Warming also expands the geographic range of disease-carrying insects. Mosquitoes and ticks thrive in warmer conditions, and as temperatures rise, they colonize areas where they previously couldn’t survive. This shifts the boundaries for diseases like dengue, malaria, and Lyme disease into higher altitudes and latitudes. Whether those shifts translate into actual outbreaks depends on local factors like mosquito control programs, housing quality, and access to healthcare, but the underlying risk is growing.
Weather Extremes
A warmer atmosphere holds more moisture, about 7 percent more for every degree Celsius of warming. This fuels heavier rainfall events and more intense storms, even as other regions experience longer and more severe droughts. The result is not simply “more bad weather” but a shift in the patterns communities have built their infrastructure around. Drainage systems, bridges, levees, and buildings were designed for a climate that no longer exists in many places.
Wildfires are intensifying as well. Higher temperatures dry out vegetation faster, extending fire seasons and making ignition more likely. In regions like western North America, Australia, and the Mediterranean, fire seasons now start earlier and last longer than they did just a few decades ago.

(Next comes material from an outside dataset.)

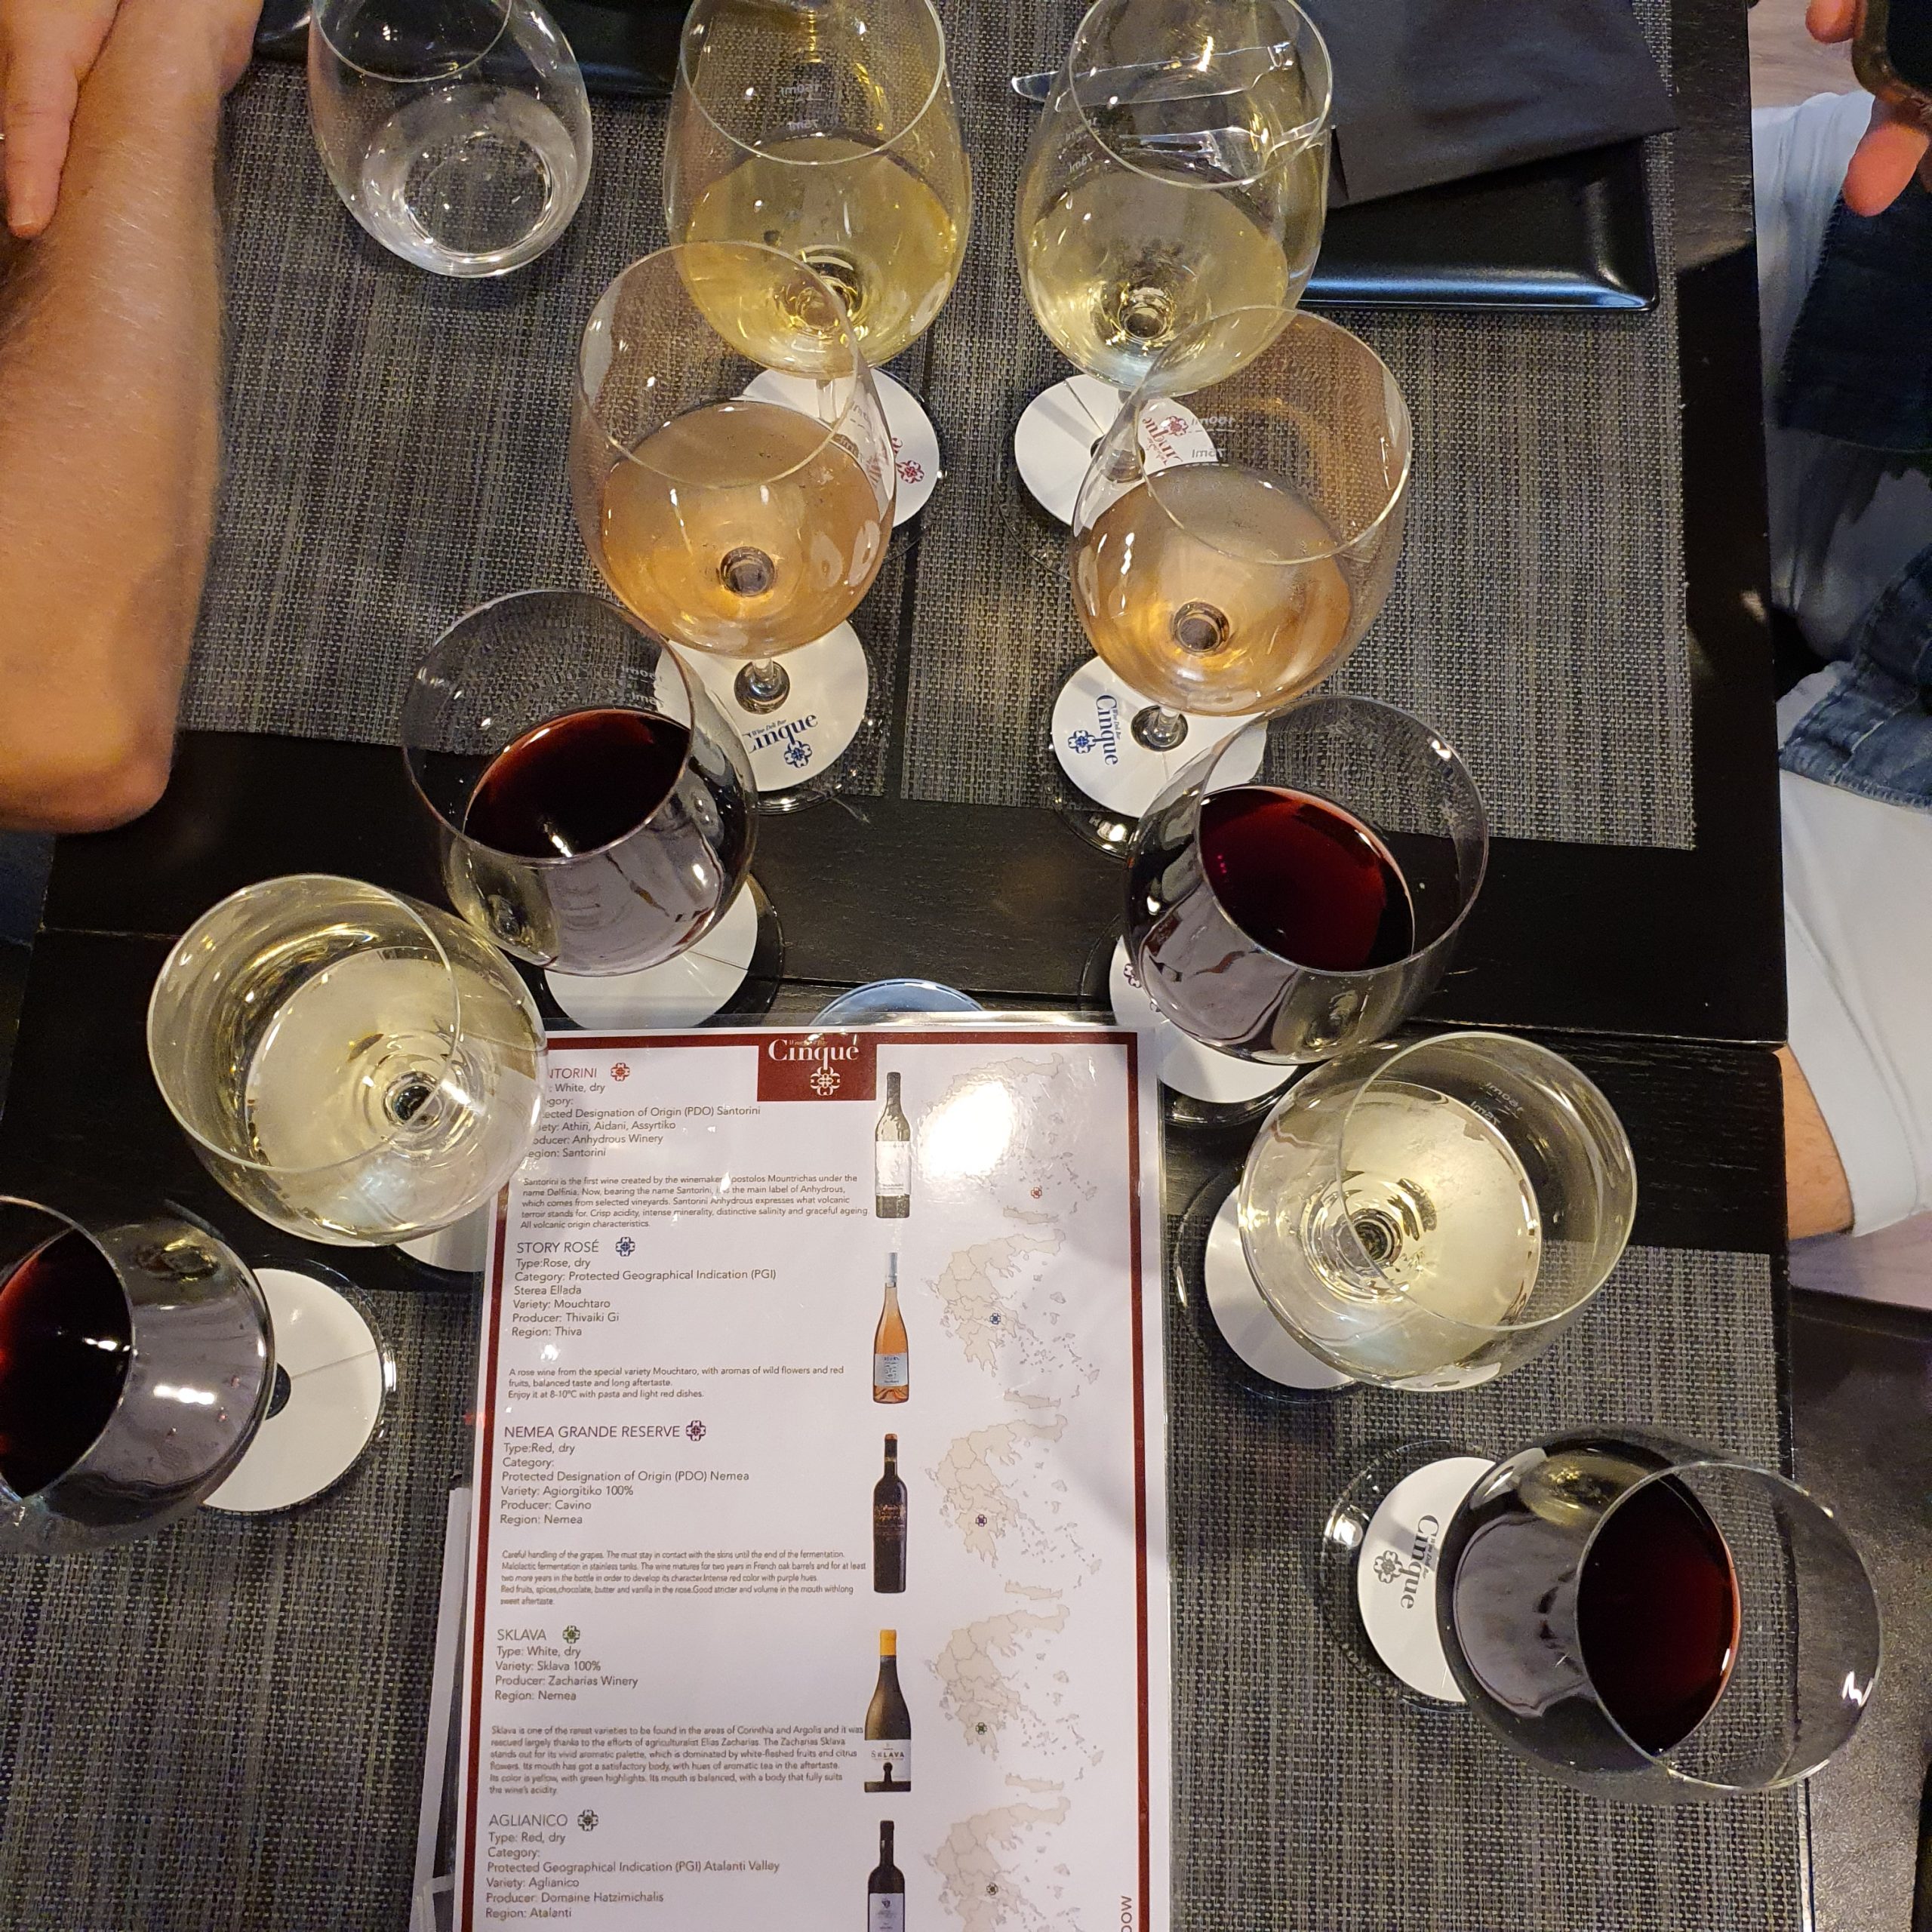 Cinque Wine Deli Bar: H πιο δημιουργική κοινότητα γύρω από το κρασί!

Ecosystems and Biodiversity
Species across the planet are shifting their ranges toward the poles and to higher elevations, tracking the temperatures they’re adapted to. This works for mobile species with connected habitat, but many plants, slow-moving animals, and organisms in fragmented landscapes simply can’t move fast enough. The timing of natural events is also shifting: flowers bloom earlier, migratory birds arrive at different times, and insect populations peak on altered schedules. When these shifts don’t align, the relationships between pollinators and plants, predators and prey, or parasites and hosts break down.
Freshwater ecosystems are particularly vulnerable. Warmer water holds less dissolved oxygen, stressing fish and other aquatic life. Combined with altered streamflow from changing precipitation and glacier loss, many rivers and lakes are becoming less hospitable to the species that have lived in them for millennia.